I will follow the advise to directly measure the L value.
thanks for your support.

I'm not sure that formula applies in the case of a common base oscillator but in any case, if you have built the circuit exctly as in the diagram, the inductance will be far higher (=lower frequency) than your calculation tells you. The reason is the tuned circuit includes the wiring back to the battery which increases the inductance considerably. Assuming all the other wiring is short as possible, you MUST add an extra capacitor to the circuit, I would suggest 10nF, directly between the top of L1 and the bottom of C5.

Brian.

The input capacitance and other possible parasitic capacitances load the resonant circuit and they decrease the resonance frequency..

Subharmonic oscillations are common in some types of circuits, like
switching power converters. The "residue" from one pulse can bother
the next. I wouldn't expect this on a small signal RF oscillator, but it
could be that you have some power quality / decoupling issue that
allows a cycle-cycle "communication". You might look at the waveform
qualities with a 'scope, see if there is any deviation from perfect sine
shape and whether, if you set the horizontal so that many cycles are
overlaid on top of each other, cycle by cycle is uniform or you have
a "bimodal" appearing wave envelope, which indicates a deterministic
jitter which, every-other, would show as a f/2 component.

Subharmonic oscillation cannot happen at small signal. It is a large signal phenomenon which appears in peak current mode, mainly when the duty-cycle is greater than 50%.
Definitely this is not our case.
Just reduce the number of turns of the inductor and you will get the right fundamental frequency.

Important point: I now see that there are no power supply bypass capacitor for the Colpitts oscillator. It is not a good practice to avoid the bypass cap.

I tried to measure the L directly, it's confirmed that L value is more than double what I calculated by inductor tool. So the frequency calculation is correct.

I tried some of other calculation website, it shows correctly with the tool.
http://www.rfcafe.com/references/ele...inductance.htm
http://www.66pacific.com/calculators/coil_calc.aspx

Anyone has any idea why the inductor tool give the wrong value?

Measuring such small inductances is tricky and unless you have lab conditions you will probably get a different measurement from every instrument you try.

The formula you used is suspicious, it is for a standard LC circuit with the 'C' being calculated as the two capacitors in series. In reality, there are several other capacitances in the circuit and the added inductance of the wiring in the un-decoupled supply line and anti-phase signal being injected between the capacitors. To be honest, the best way forward under the circumstances is to add the capacitor I mentioned earlier (essential) then adjust the inductor by trial and error.
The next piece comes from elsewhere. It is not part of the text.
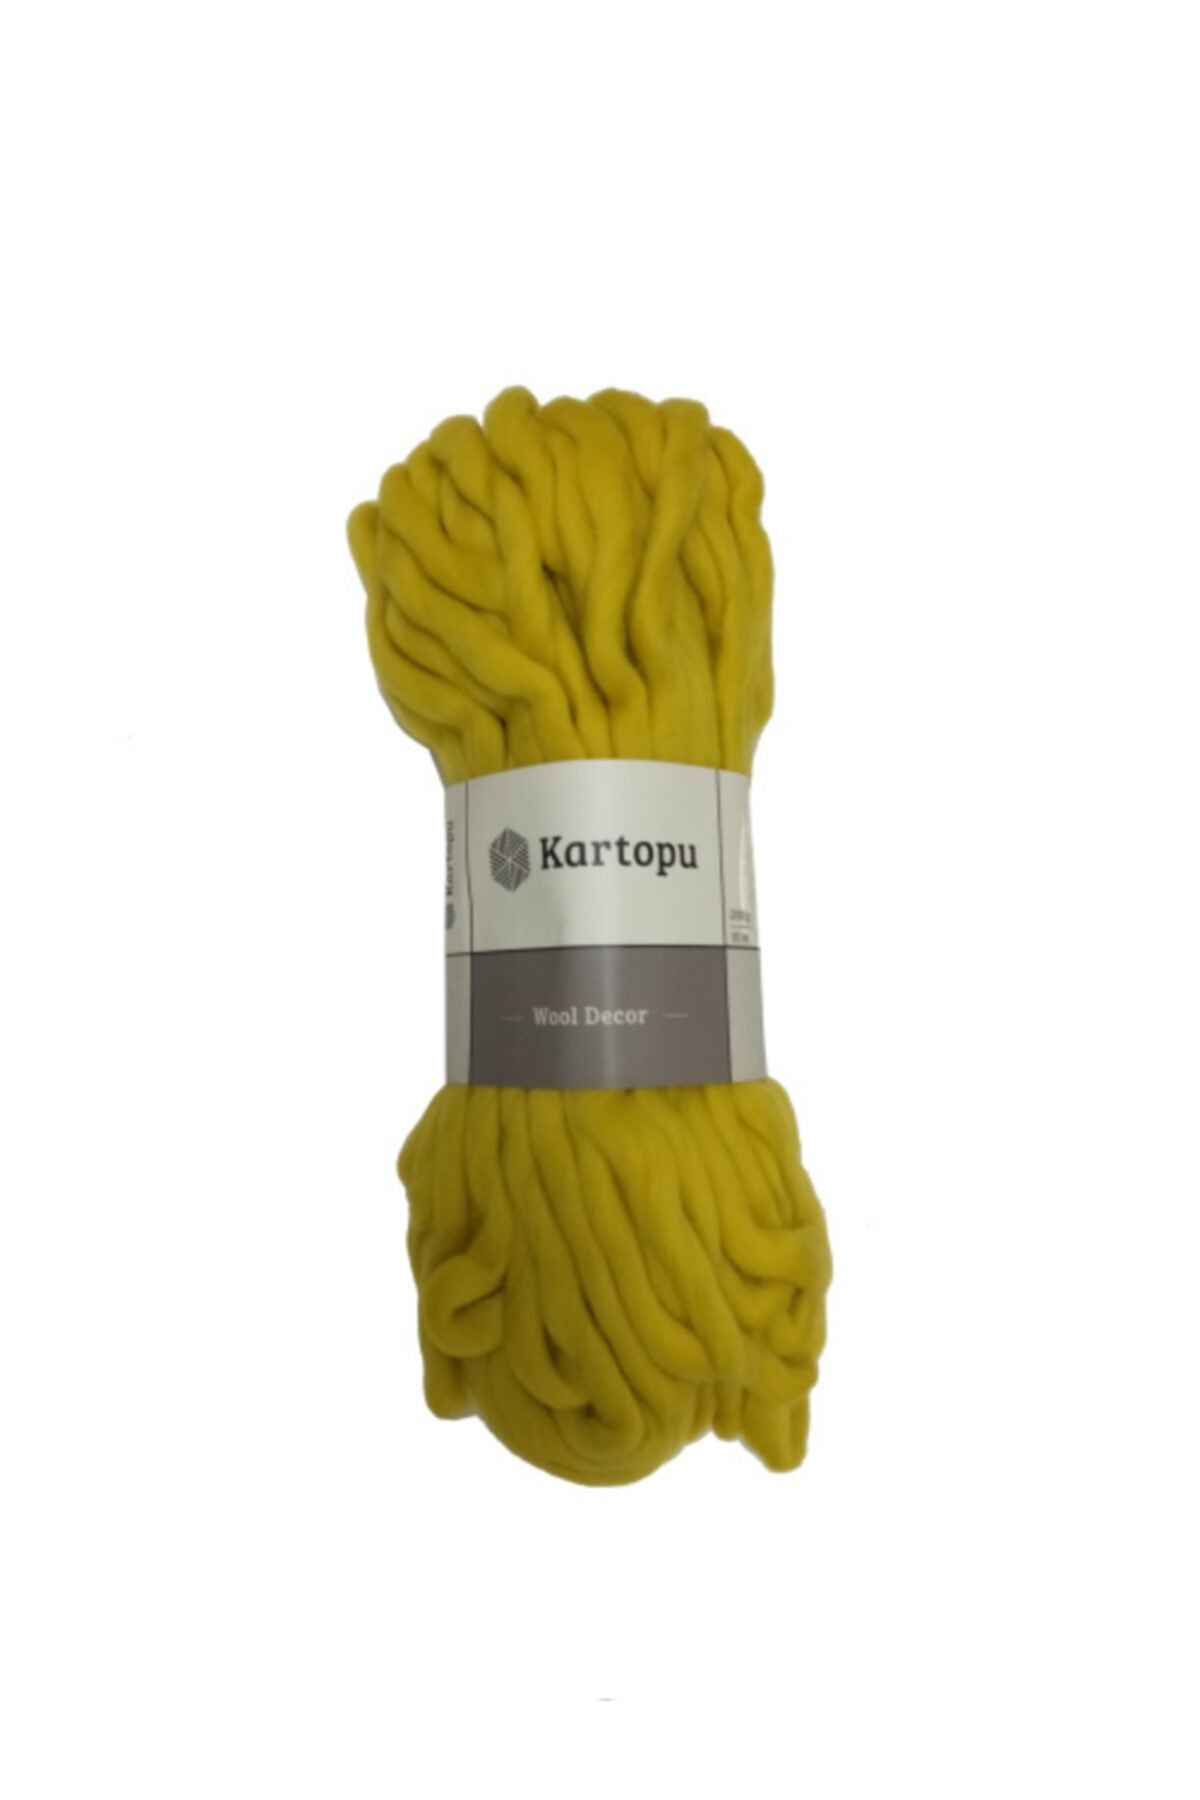 Kartopu Wool Decor Sarı El Örgü Ipi - K1322
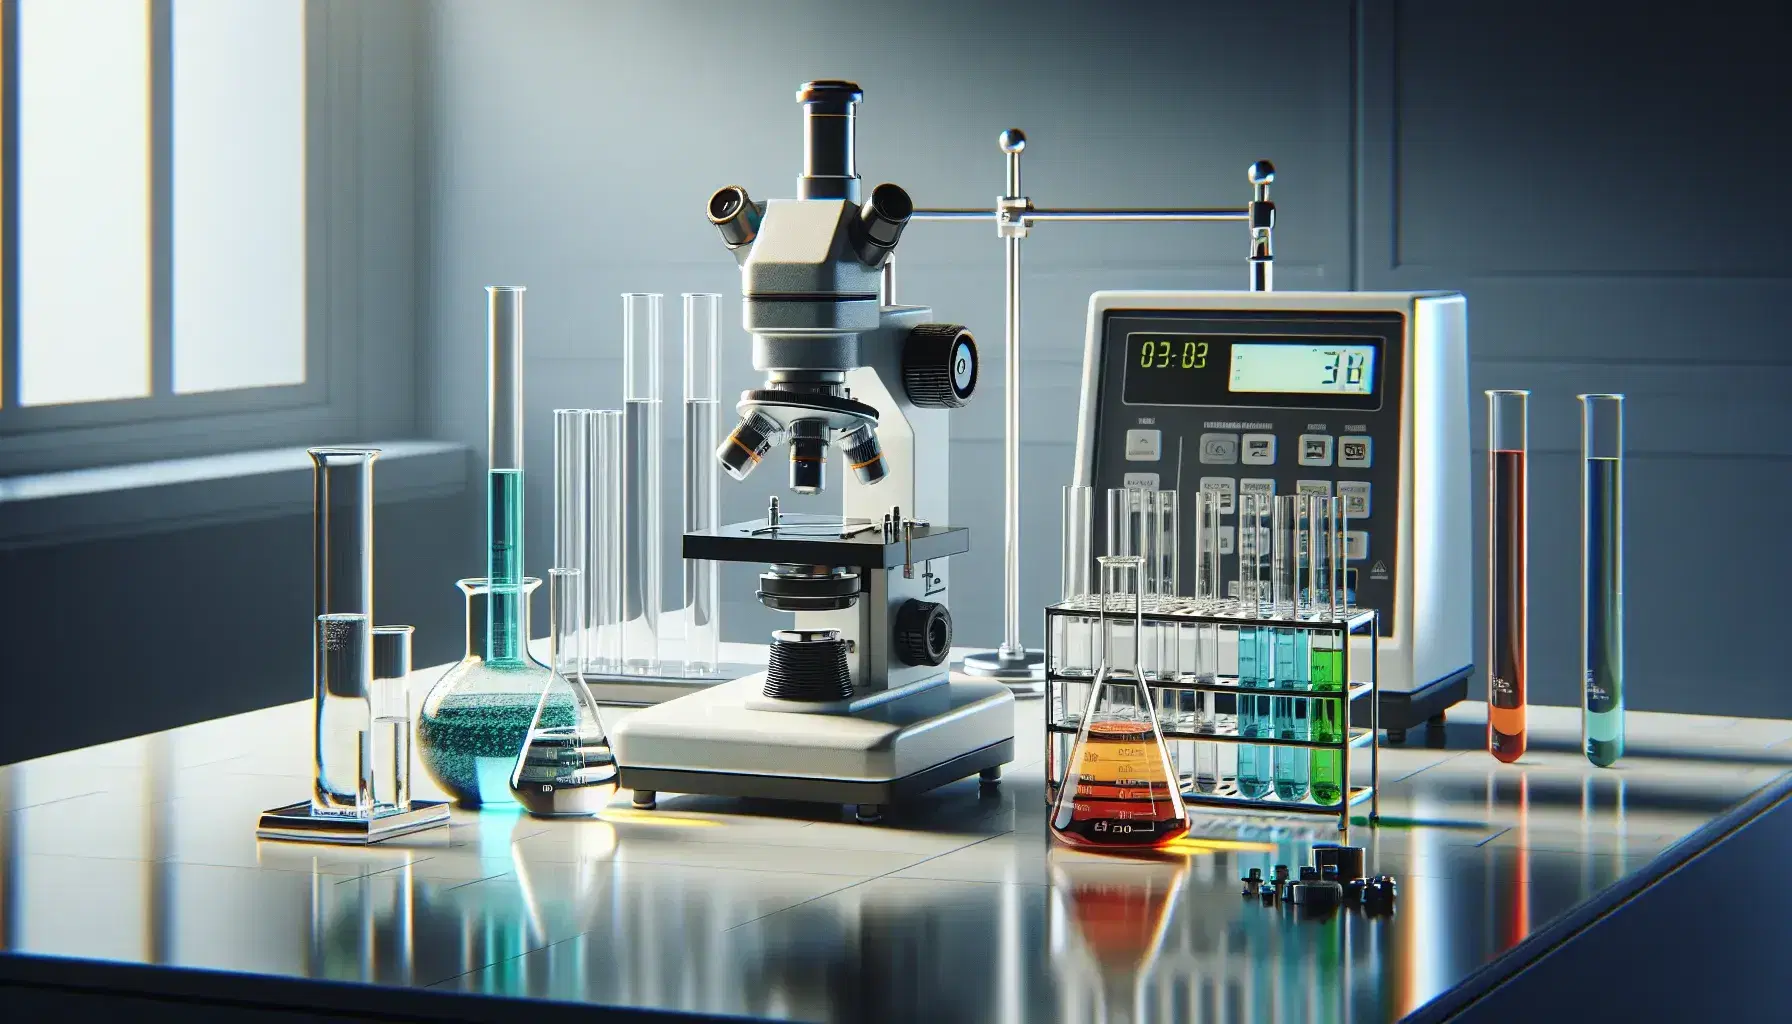 Laboratorio científico con microscopio, tubos de ensayo con líquidos de colores, balanza analítica y material de vidrio sobre mesa blanca.

If the coil wire is insulated, it might be worthwhile winding it on a brass screw so you can make it adjustable.

Brian.

Thanks betwixt,
I did add the capacitor as your suggestion, it strengthens the output signal and increase the 1st frequency, but still at around 45MHz. I'm trying different coil setup to see how the output will be.

If possible, show a photograph of your construction. Even at relatively low frequencies the way it is constructed can have a huge effect on frequency and performance.

Brian.

You do perhaps a construction fault while wrapping the inductor ?

Is the inductor air-core or you have a have something within? Stupid questions should not be asked but I have seen many silly mistakes...

Hi guys,

Let me update, I built it on a propotype board:


The output signal to spectrum analyser is pin C of Transistor Q3. I added the bypass/filter capacitor already.

I tried to measure the L by a LC200 LC meter (not a very good one but fairly ok, I tested it with some standard L and C)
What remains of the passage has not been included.